My mother redid the floors in a high luster oak. My father created pediments and pilasters, plinths and porticos, dressing up the plain and simple lines left by the developer. Every doorway was enshrined with a unique sculptural molding, often in the shape of a lunette. He would scour second-hand stores for cabriole table legs and gargoyles and incorporate these, employing a jigsaw to carve Victorian scrolls.

He and my mother worked together. She would design something - a buffet, a sideboard - and he would build it, after which she would hand finish the surface. They gave house tours to all who visited. It could have -- it should have -- been a magazine spread.

"All this molding has to be removed," said the woman in white linen to whom we were offering the listing. "No one wants it."

Even the fireplace mantel my father carved by hand, with its stained glass screen?

"It has to go. No one wants a fireplace in a tropical climate."

At the front door, on the sculpted knee wall my father built, was a wooden horse he carved. "No one wants your parents' folk art," she said, making notes on her clipboard.

I had looked at comparable homes for sale before we agreed to put my parents' on the market. They were all furnished in drab old people's furnishings. Our place was different. My mother collected owls, and although the collection had got out of hand, she kept a curated selection in a cabinet in her bedroom. The owls were all there when she died. I wanted to keep the owl collection.

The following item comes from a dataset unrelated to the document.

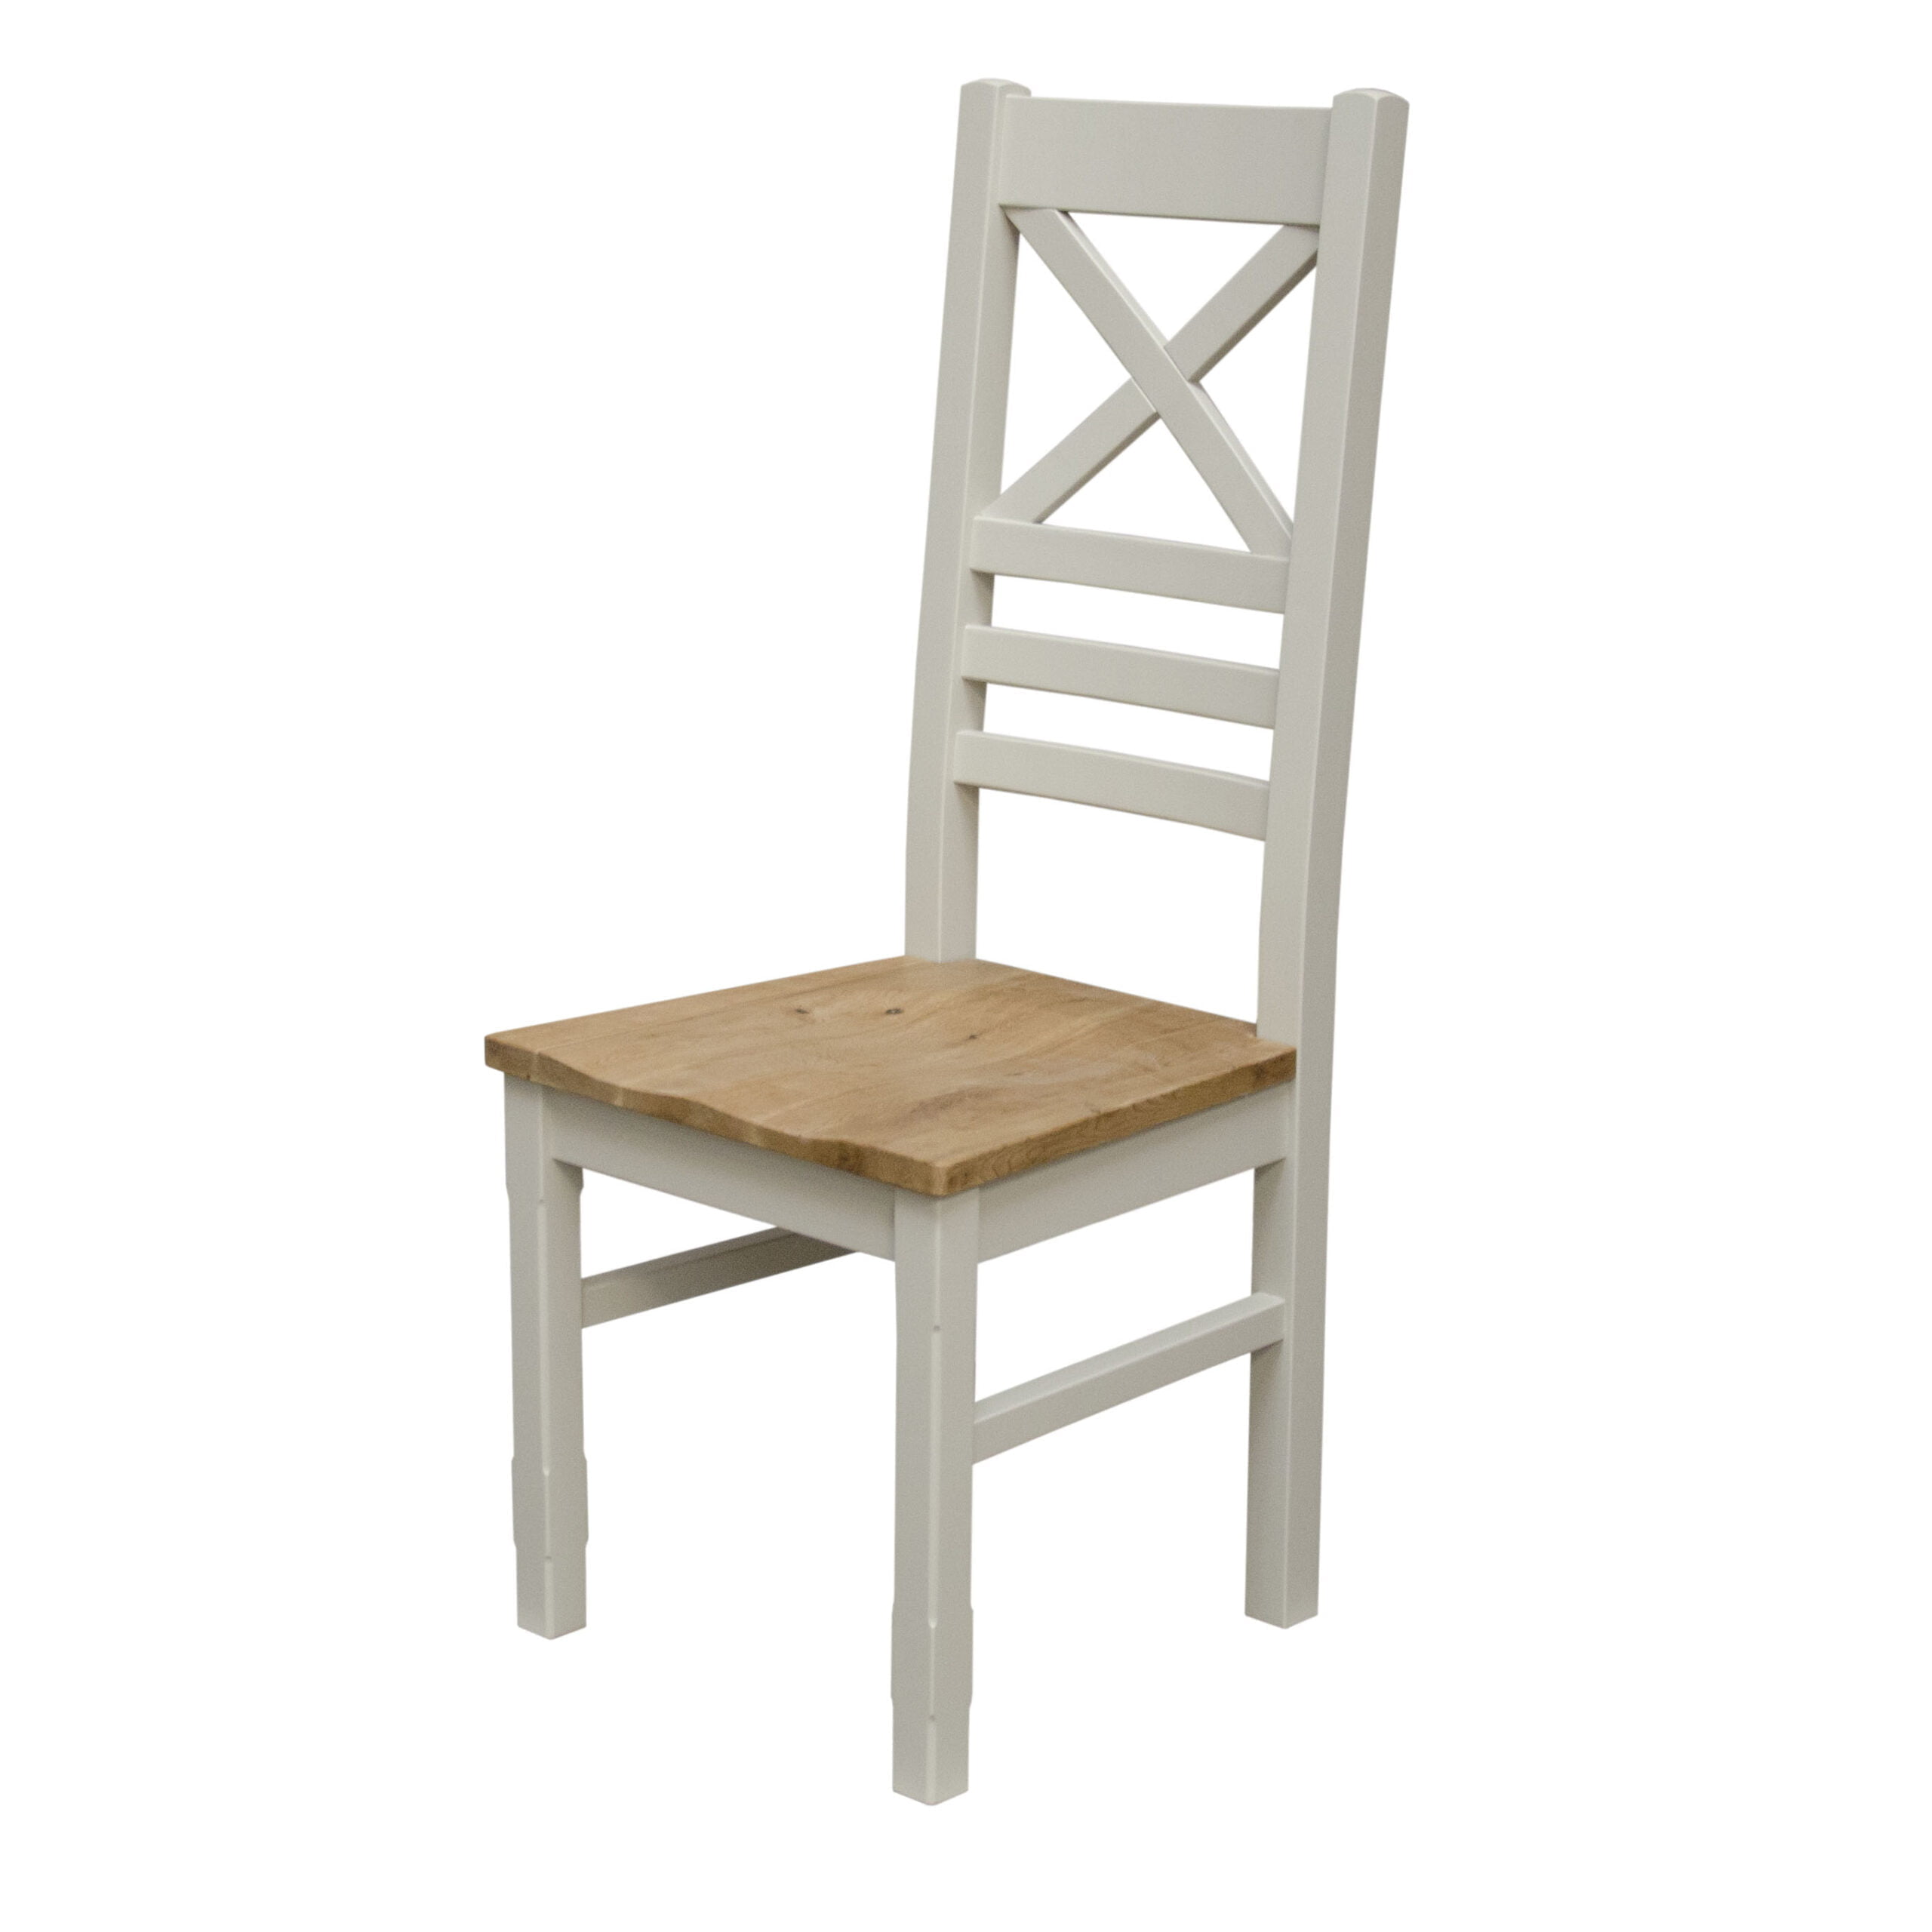 Painted Deluxe newcross chair | Dining Chairs | The Bay Furniture Company

I overheard the white linen suit tell my husband, "The daughters are too emotionally involved to see it."

"Our bags are packed," my mother had told me, years before she died. Packing their belongings after they were gone was another story. They were not hoarders, they were collectors. OK, there were a few things they hoarded. In her 70s and 80s, my mother started taking paper towels, napkins and wipes from restaurants and hospitals. Even as she lay dying, she made sure I took home the packages of wipes and tissues they gave her each day in the hospital. She died with closets full of this stuff.

Barry was the man we hired to help liquidate their possessions. After the handyman carefully removed the moldings, Barry would try to sell them. He would help us ship some things up north, to be distributed among my parents' five grandchildren, and then sell everything else.

Before he died, my father slept with the lights on. "I want to see my work," he said. But in the end, Barry couldn't sell it. The real estate agent texted a photo of all the things with my parents' patina Barry had piled outside for the trash collectors. "Good job!" she wrote.

I have become one of the millions paying rent on a storage locker. It is filled with an edited selection of my parents' oeuvre. I'm holding on until we can find a place to re-create their world.